Lantas, bagaimana Islam memandang kehadiran seorang anak, agar kita sebagai orangtua bisa menempatkan peran dan fungsinya sesuai syariat. Di antaranya yaitu:
1. Anak sebagai perhiasaan dunia
Hadirnya anak dalam Islam Allah nilai sebagai perhiasan dan kekayaan bagi orangtuanya, layaknya sebuah perhiasaan harus dijaga, dirawat dan disayang sebagaiman sebuah perhiasaan. dalam hal ini Allah menyampaikan dalam firman yang artinya
“Harta dan anak-anak adalah perhiasan kehidupan dunia tetapi amalan-amalan yang kekal lagi saleh adalah lebih baik pahalanya di sisi Tuhanmu serta lebih baik untuk menjadi harapan”. (QS. Al-Kahfi [18]: 46)

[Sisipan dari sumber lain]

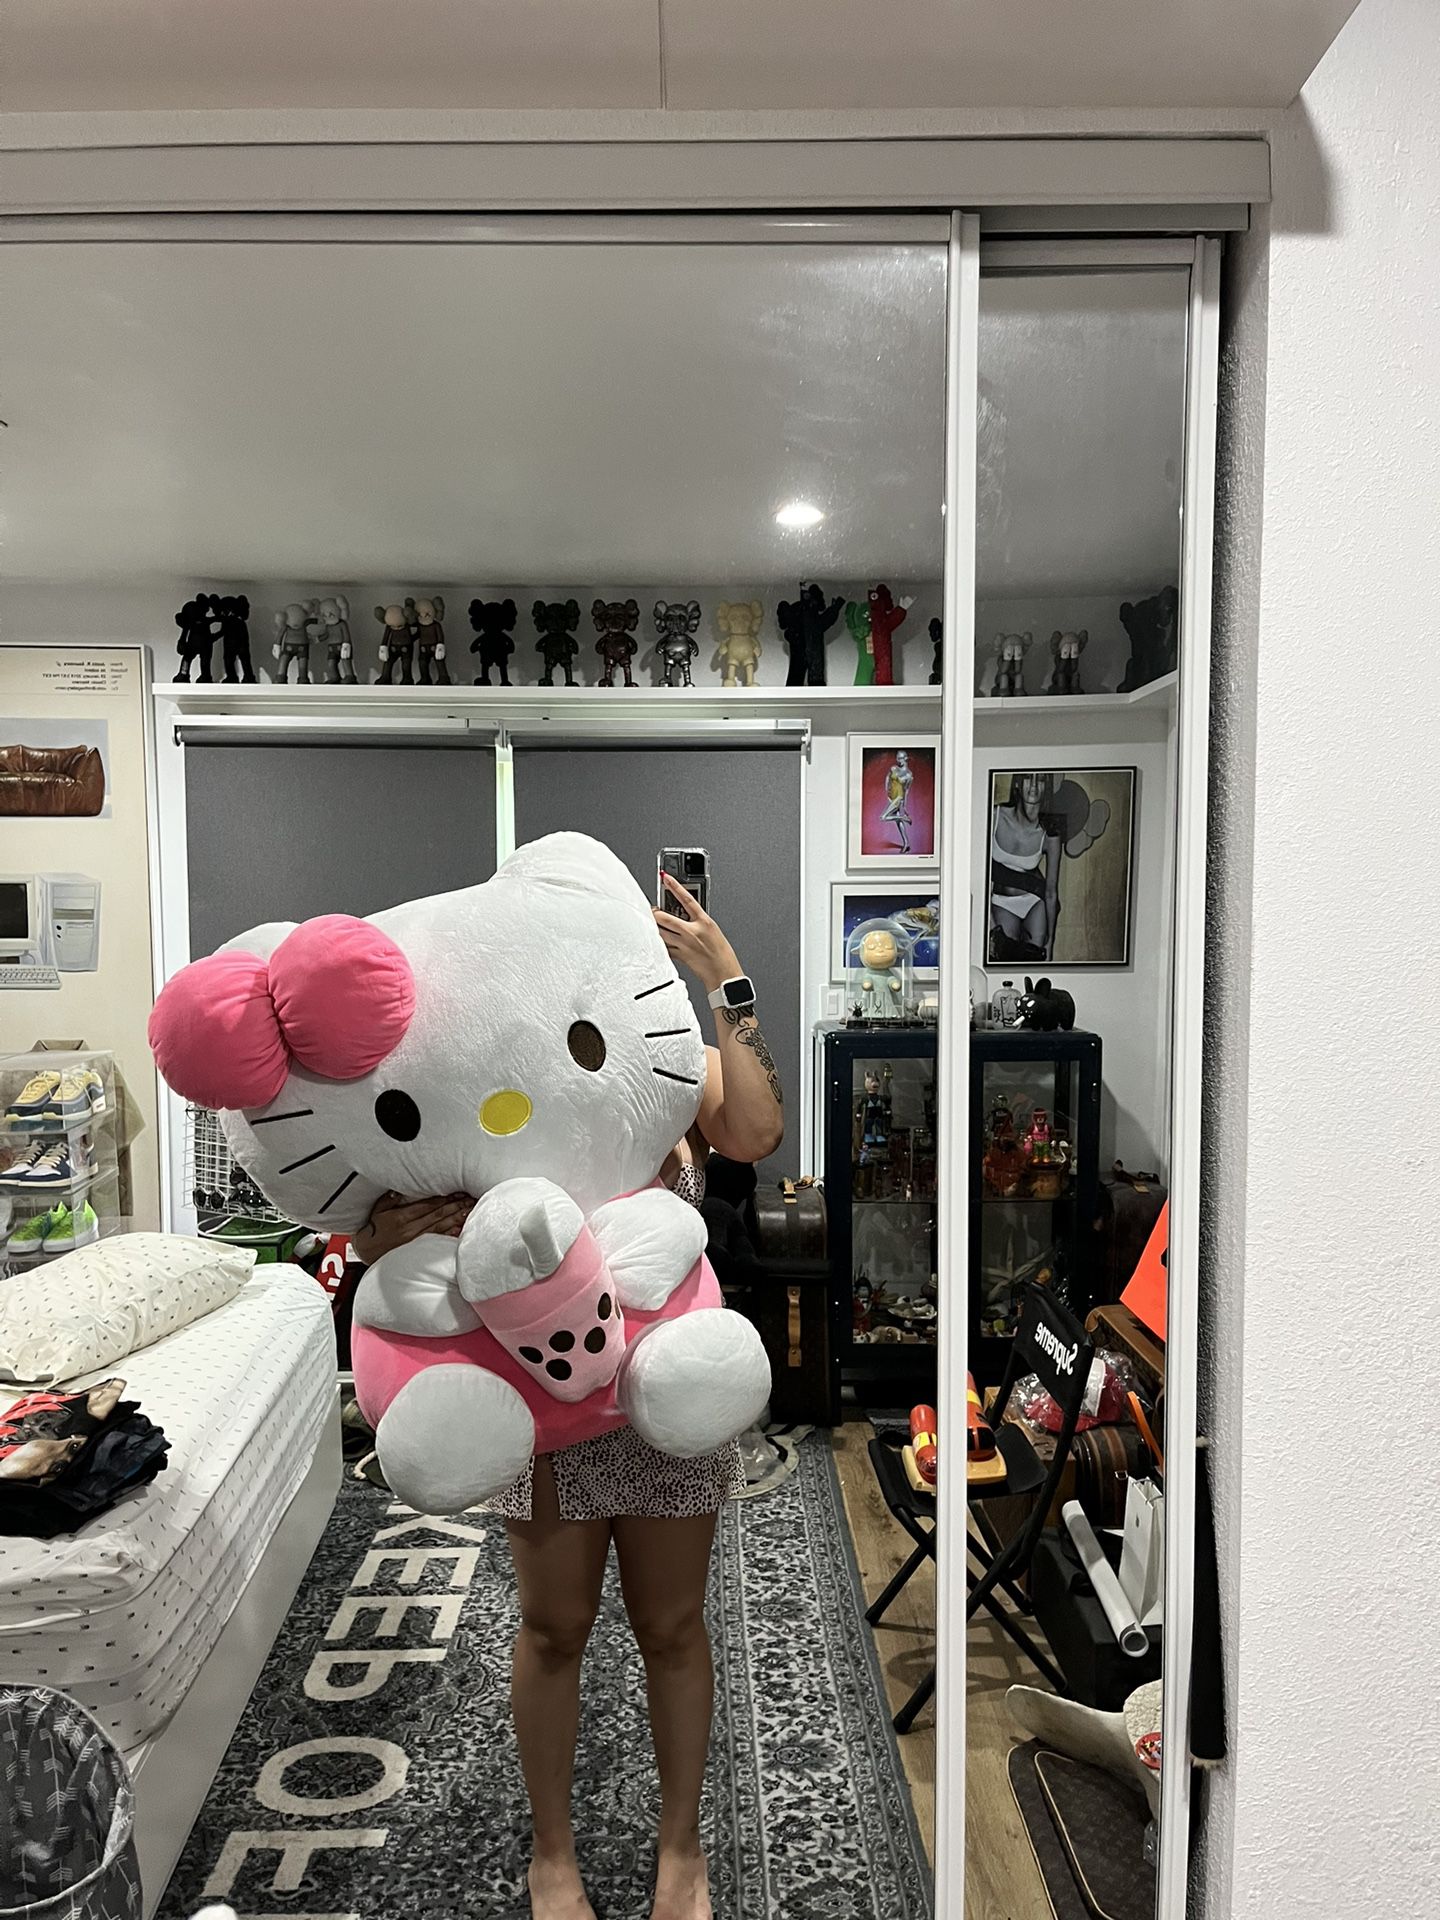 Giant Hello Kitty Plush

Karena anak bisa menjadi wasilah kebaikan, pahala bahkan anak yang soleh dan solehah bisa mengantarkan orangtuanya kekal di surga.
2. Anak sebagai ujian
Anak bisa jadi ujian untuk orangtuanya, bagaimana mereka harus mencukupi kebutuhan hidupnya dengan kondisi kekurangan ekonomi. Apakah tetap bisa menjalankan perannya sebagai orangtua. Memberikan kehidupan yang terbaik sesuai kemampuannya atau justru merasa takut, was-was dan khawatir tidak bisa berperan sesuai syariat.
“Sesungguhnya hartamu dan anak-anakmu hanyalah cobaan (bagimu), dan di sisi Allah-lah pahala yang besar (QS. At-Taghabun [64]: 15).
3. Anak tidak menyebabkan miskin
Mungkin sebagian pasangan suami istri hadirnya anak bisa menyebabkan miskin sehingga kehadirannya tidak diinginkan. Sehingga fakta di atas menjadi pilihan tuk menghindari hidup bertambah miskin padahal Allah menyakinkan dan akan menjamin rizkinya.
“Dan janganlah kamu membunuh anak-anakmu karena takut miskin. Kamilah yang memberi rezeki kepada mereka dan kepadamu. Membunuh mereka itu sungguh suatu dosa yang besar.” (QS Al-Isra: 31)
Ketika kita menyakini posisi anak dalam Islam tidak menyebabkan jatuh miskin, tetapi sebagai bentuk ujian menaikan level keimanan orangtuanya maka hadirnya anak akan tetep seperti perhiasaan dunia bahkan bisa jadi amal jariyah yang akan terus mengalir ketika orangtuanya meninggal karena do’a dari anak-anak yang solehah.
Rasulullah SAW bersabda: “Apabila manusia itu meninggal dunia maka terputuslah segala amalnya kecuali tiga: yaitu sedekah jariyah, ilmu yang bermanfaat dan doa anak sholeh yang berdoa baginya.” (HR Muslim). Wallahu’alam.